→ **What is required**: Keep the pictures out, and restate the listing that follows exactly as written.

→ **Provided material**:
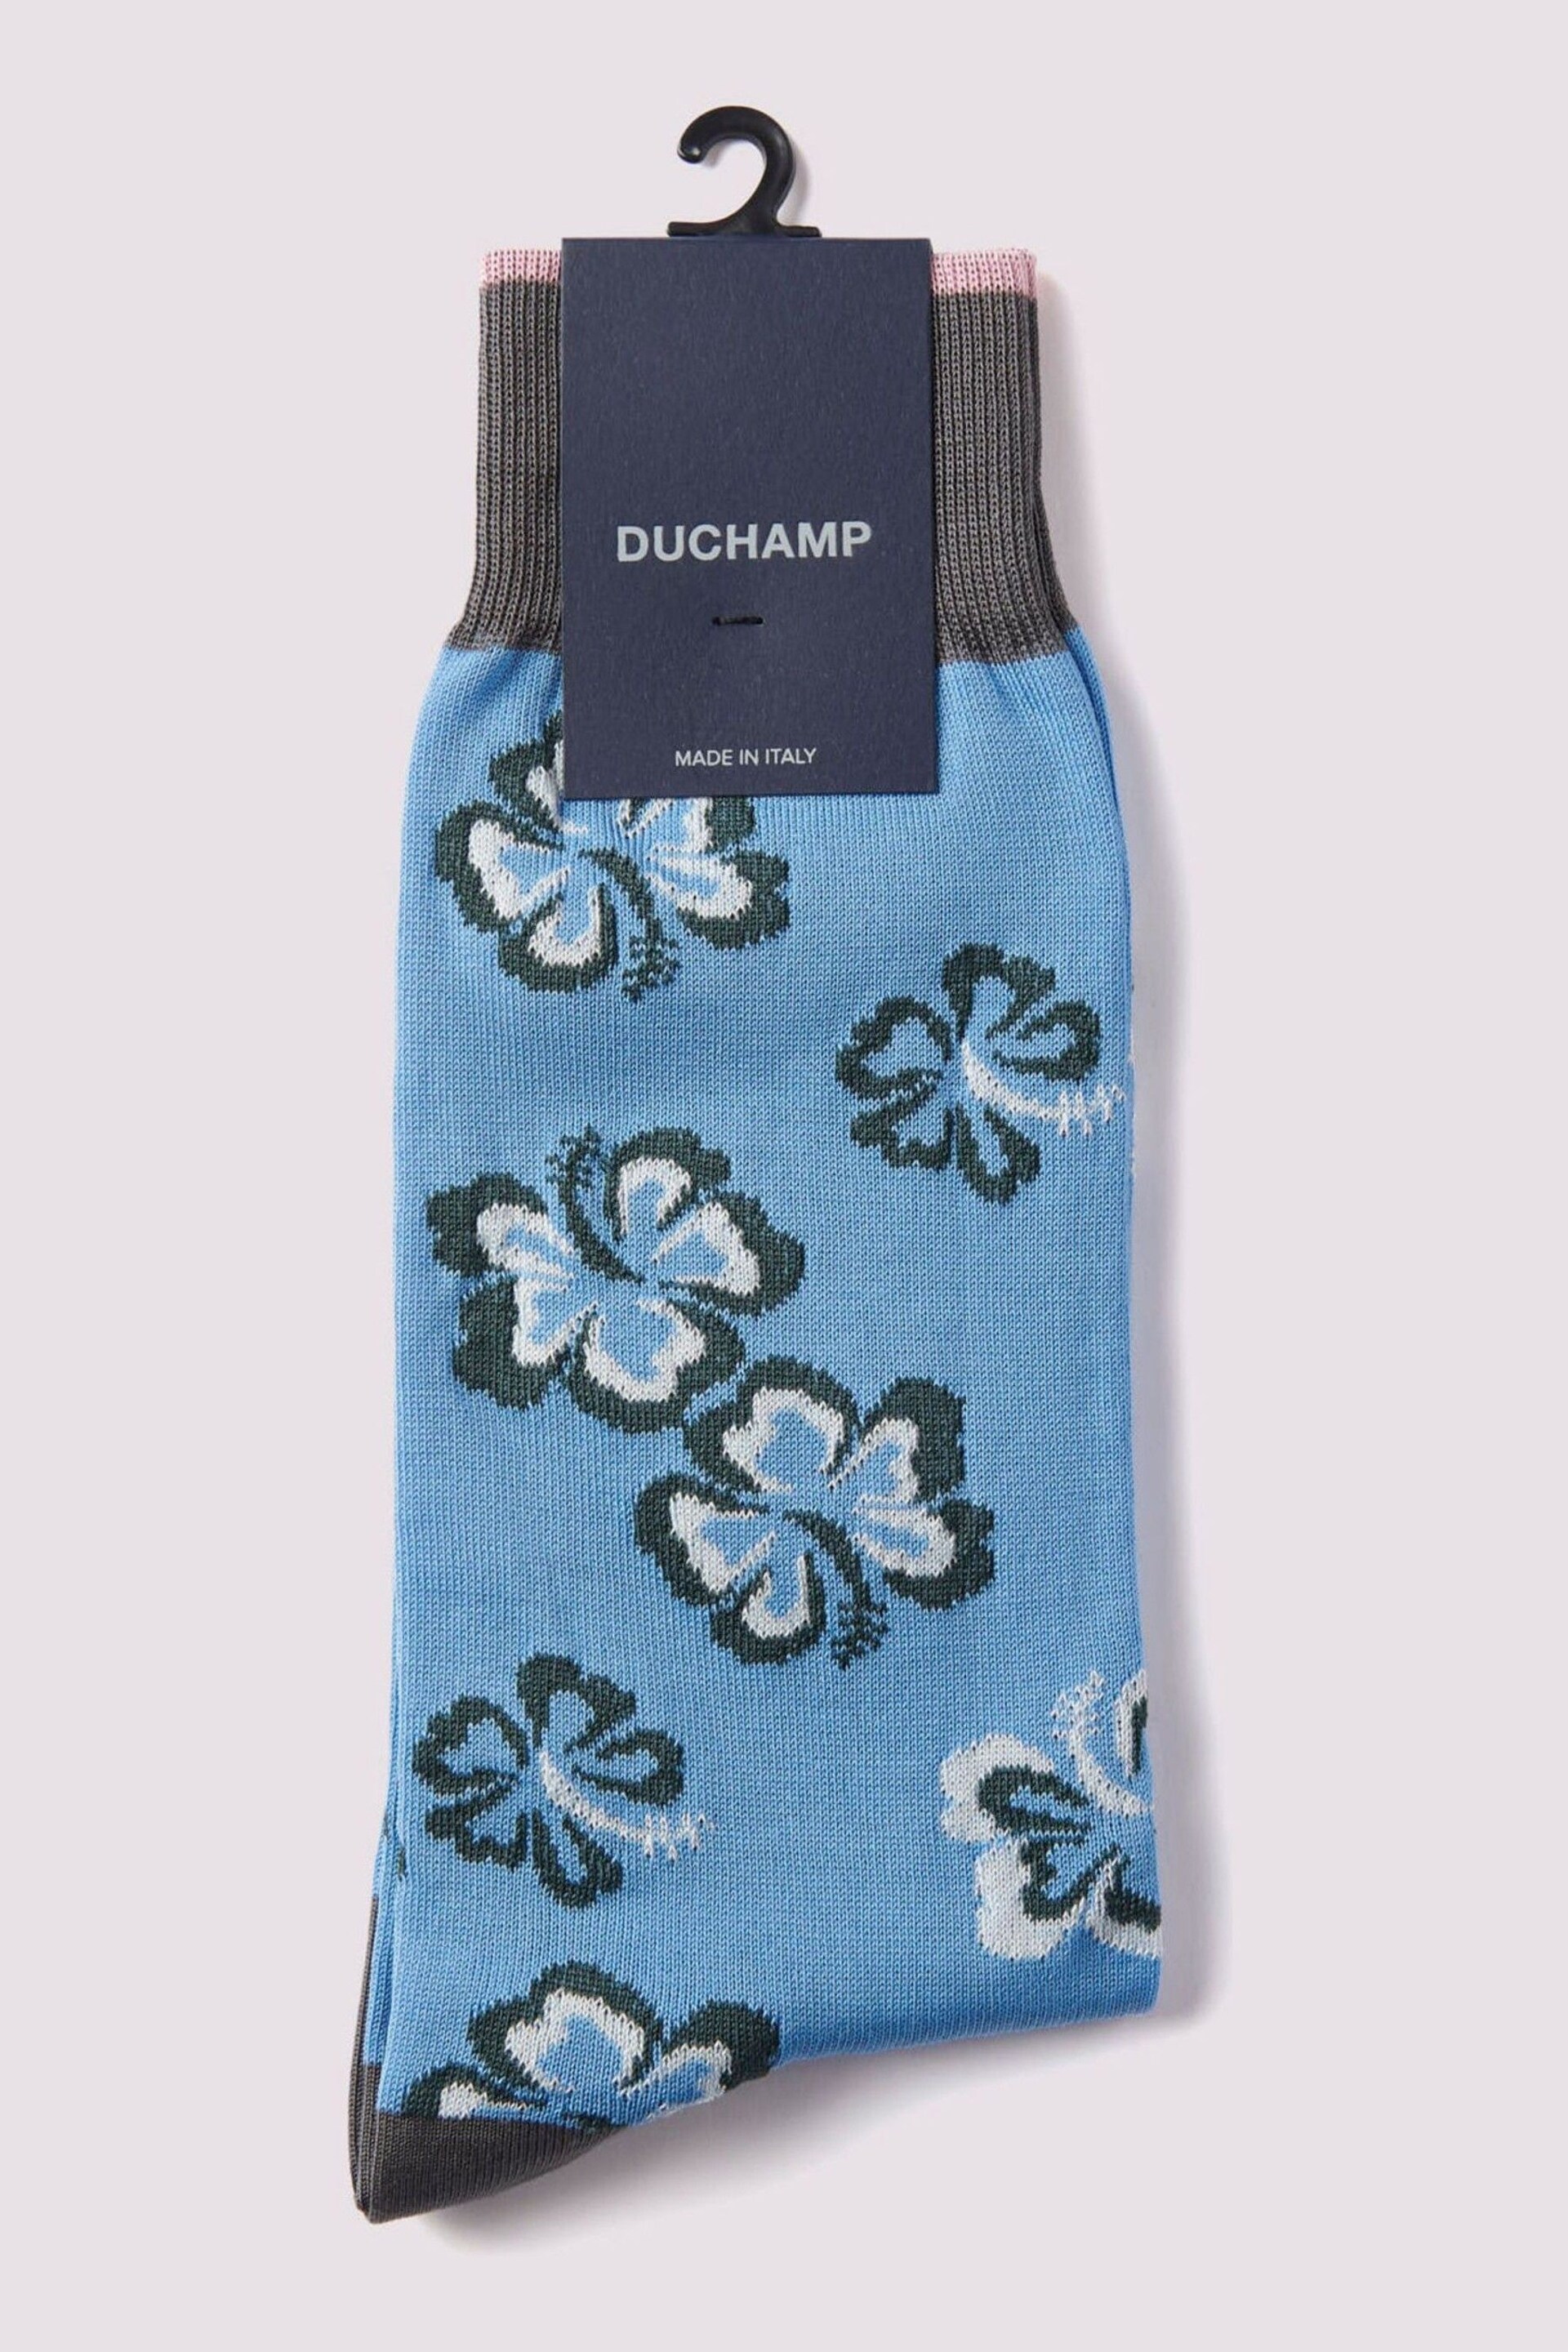 Duchamp Blue Hibiscus Floral Socks - Image 1 of 3
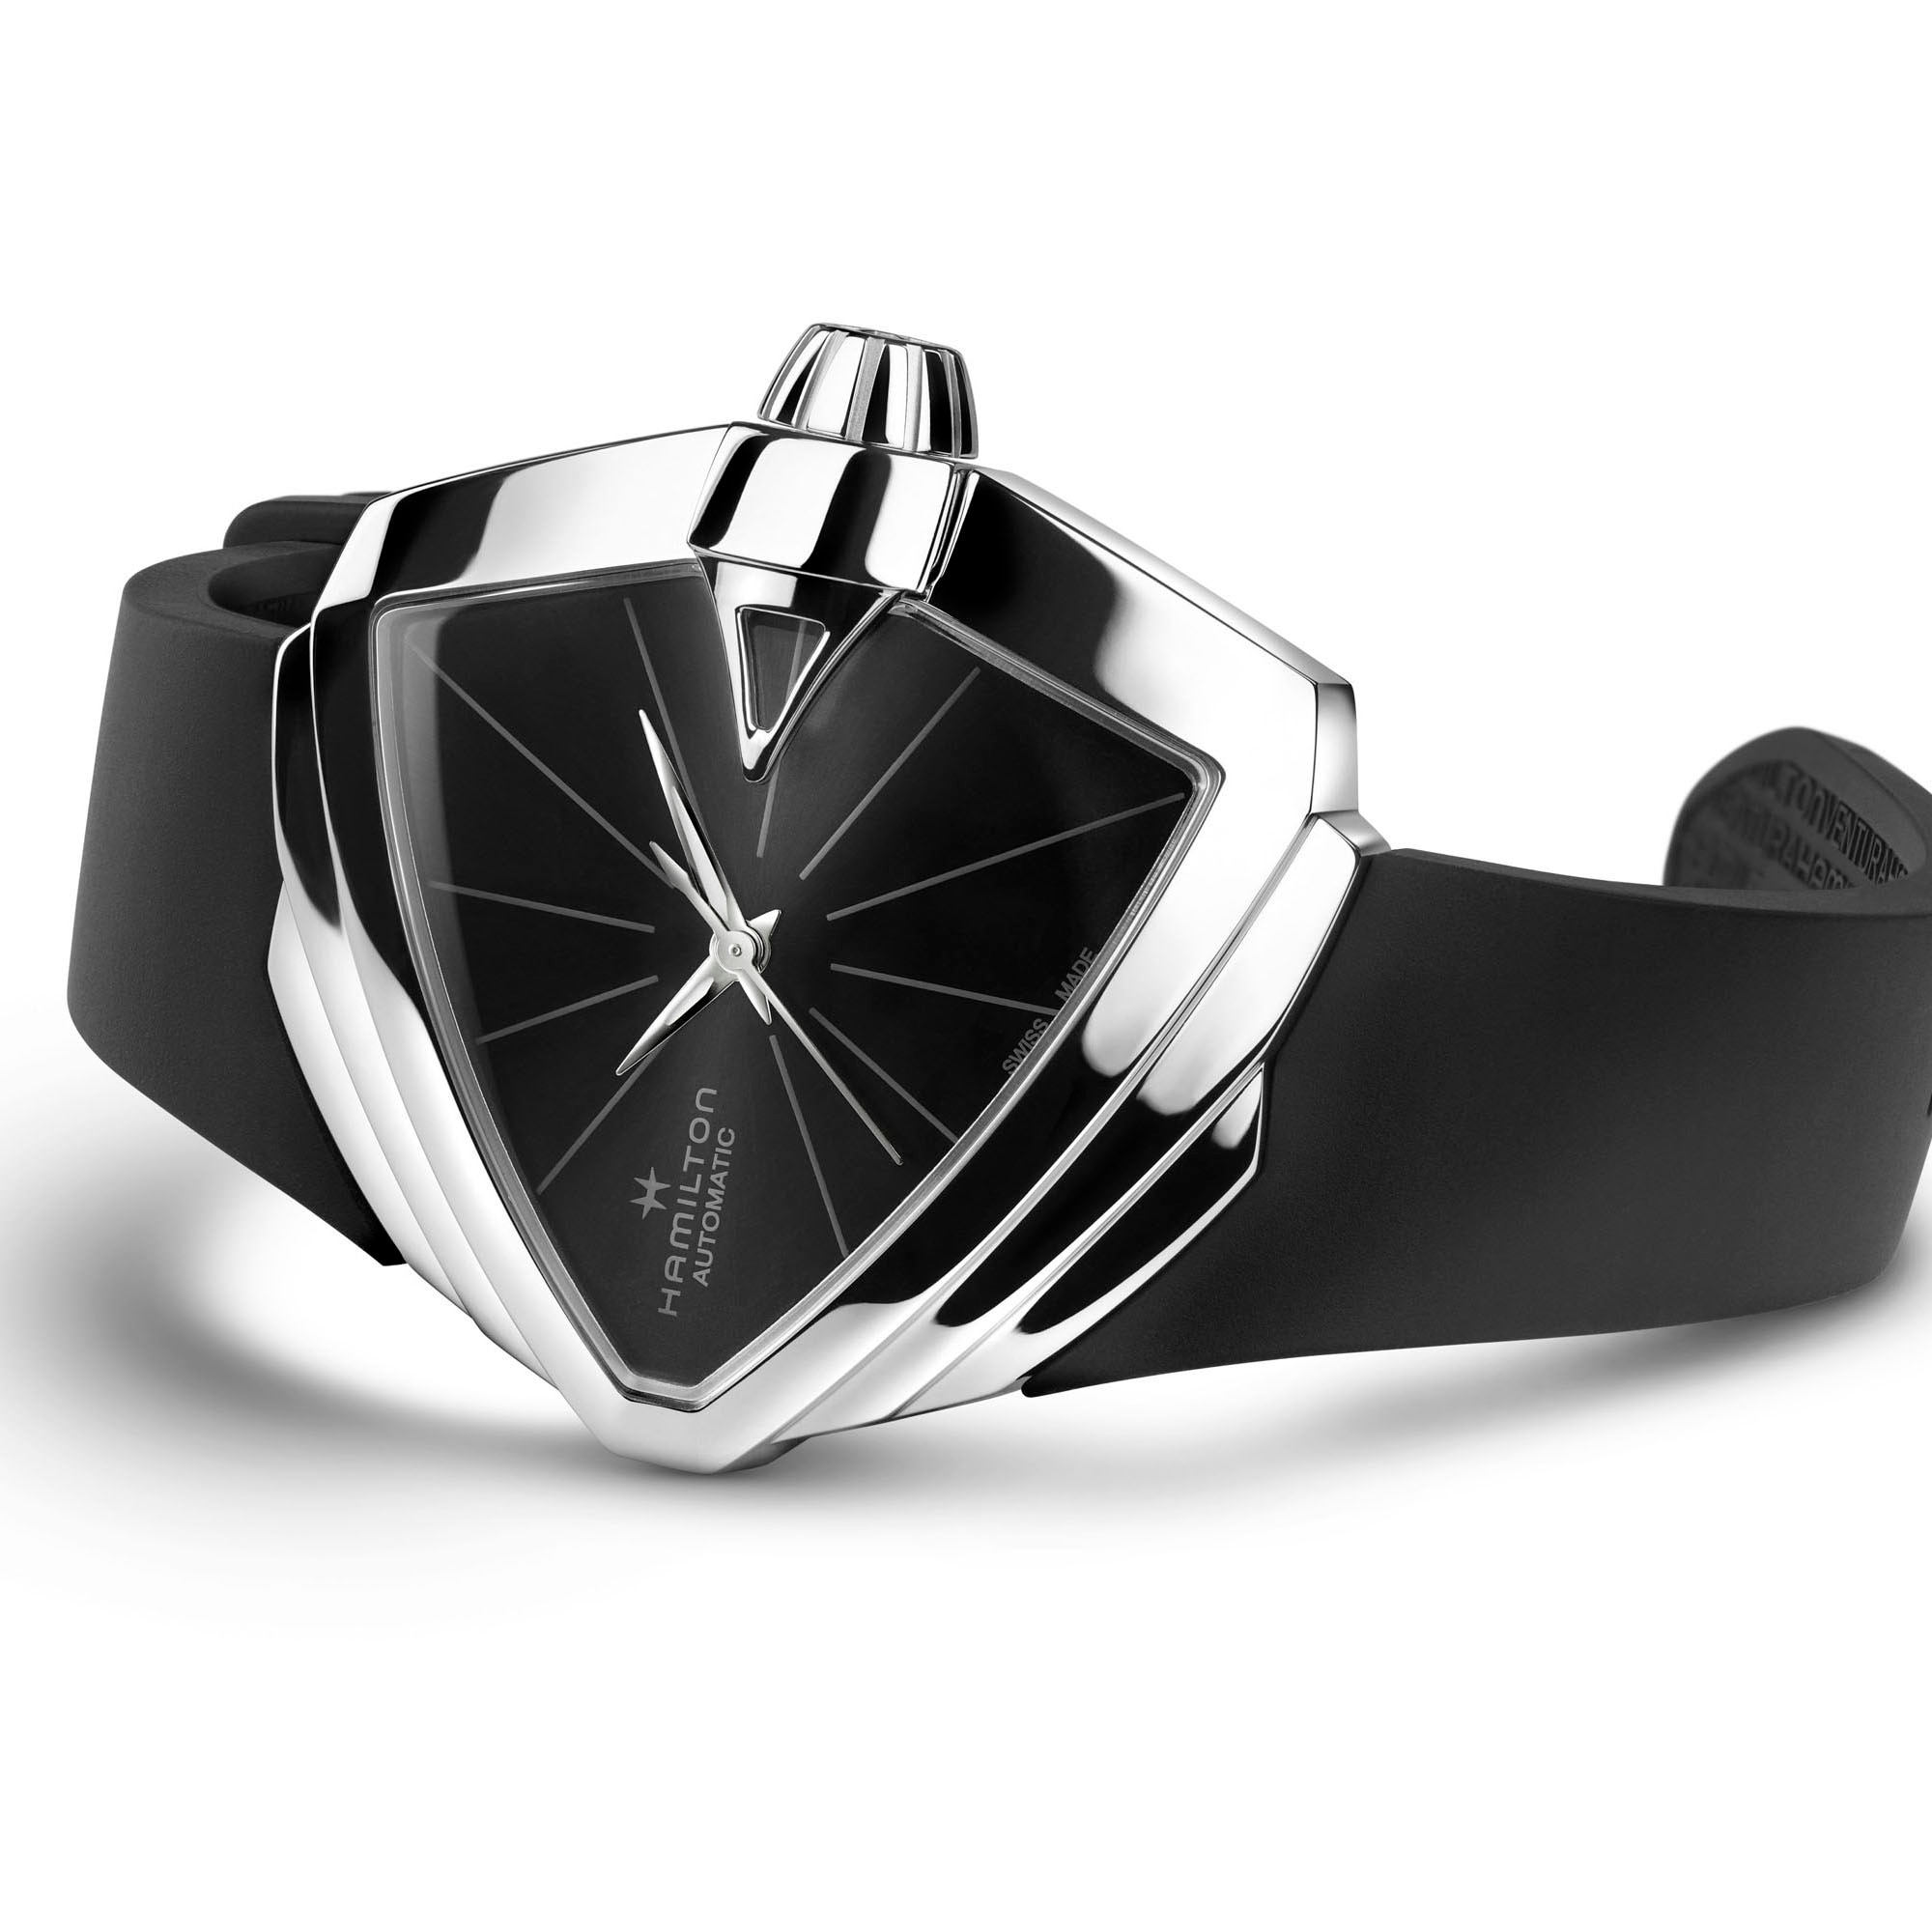 Ventura S Auto - Black dial - Black strap - H24105330 | Hamilton Watch
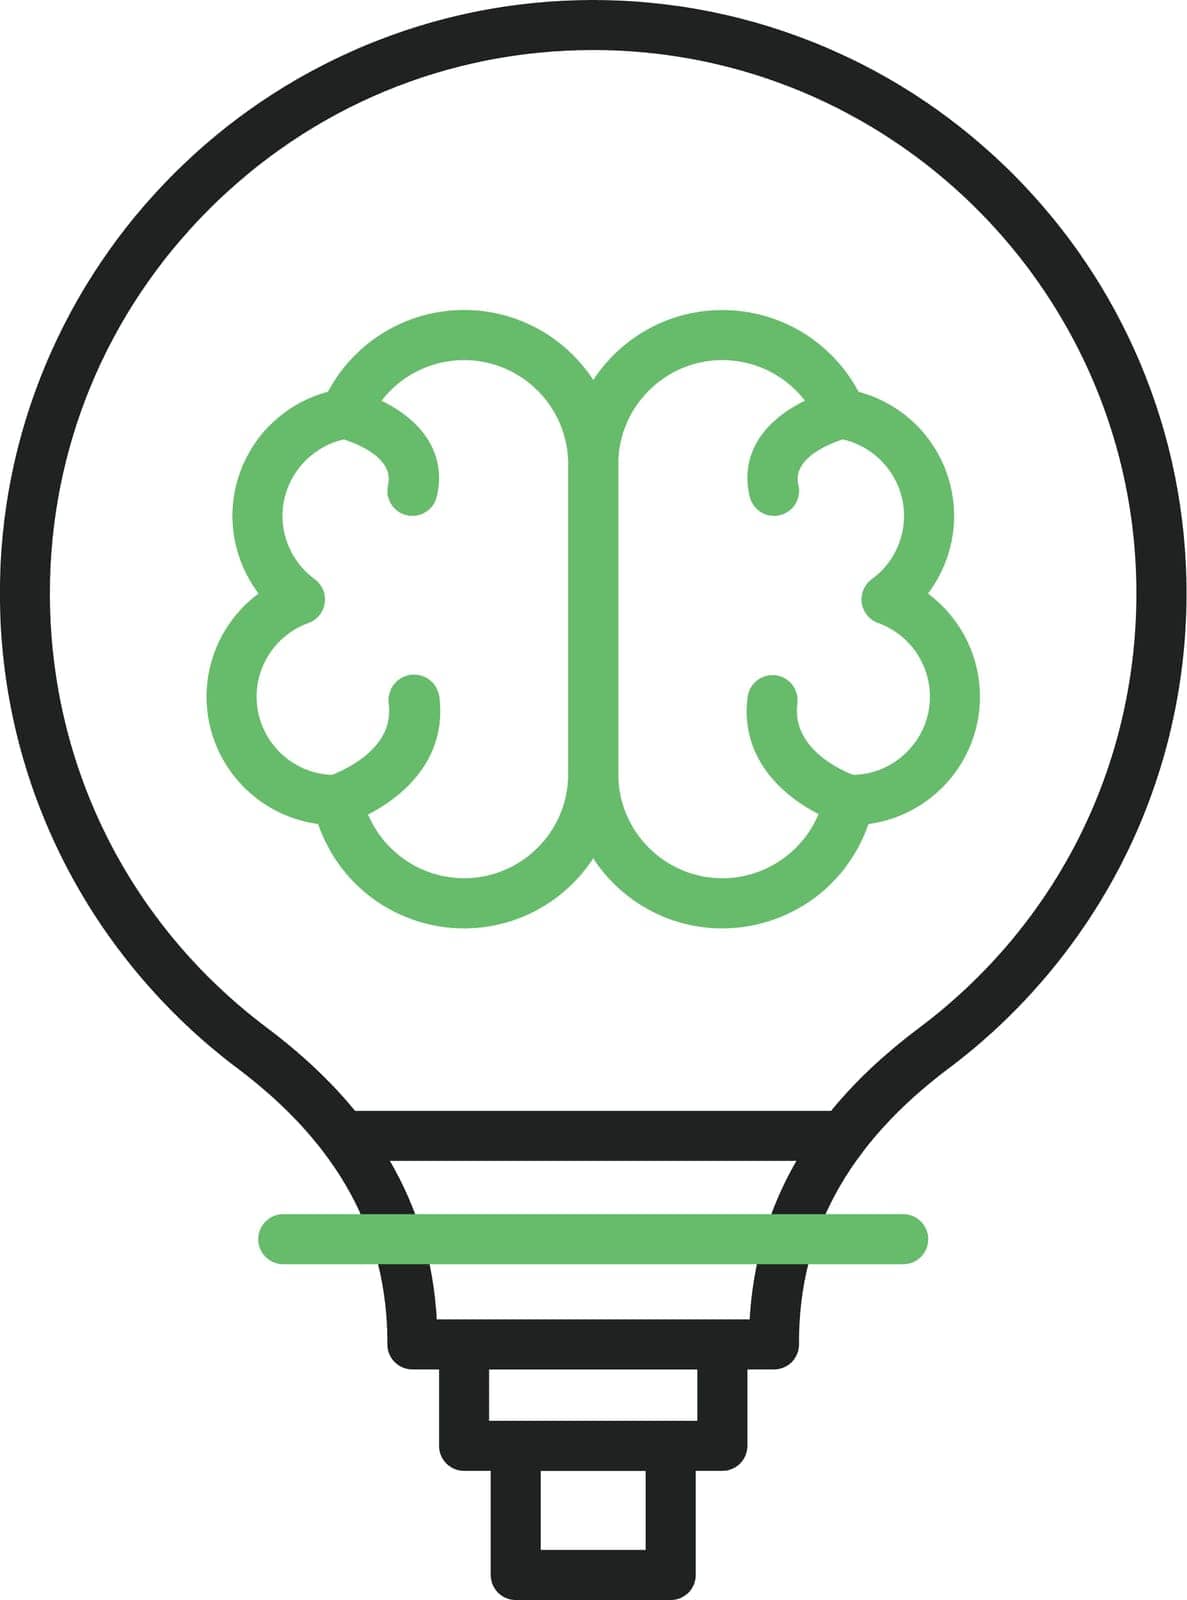 Brainstorm Icon Image. by ICONBUNNY

→ **Answer to the problem**:
 Duchamp Blue Hibiscus Floral Socks - Image 1 of 3
 Ventura S Auto - Black dial - Black strap - H24105330 | Hamilton Watch
 Brainstorm Icon Image. by ICONBUNNY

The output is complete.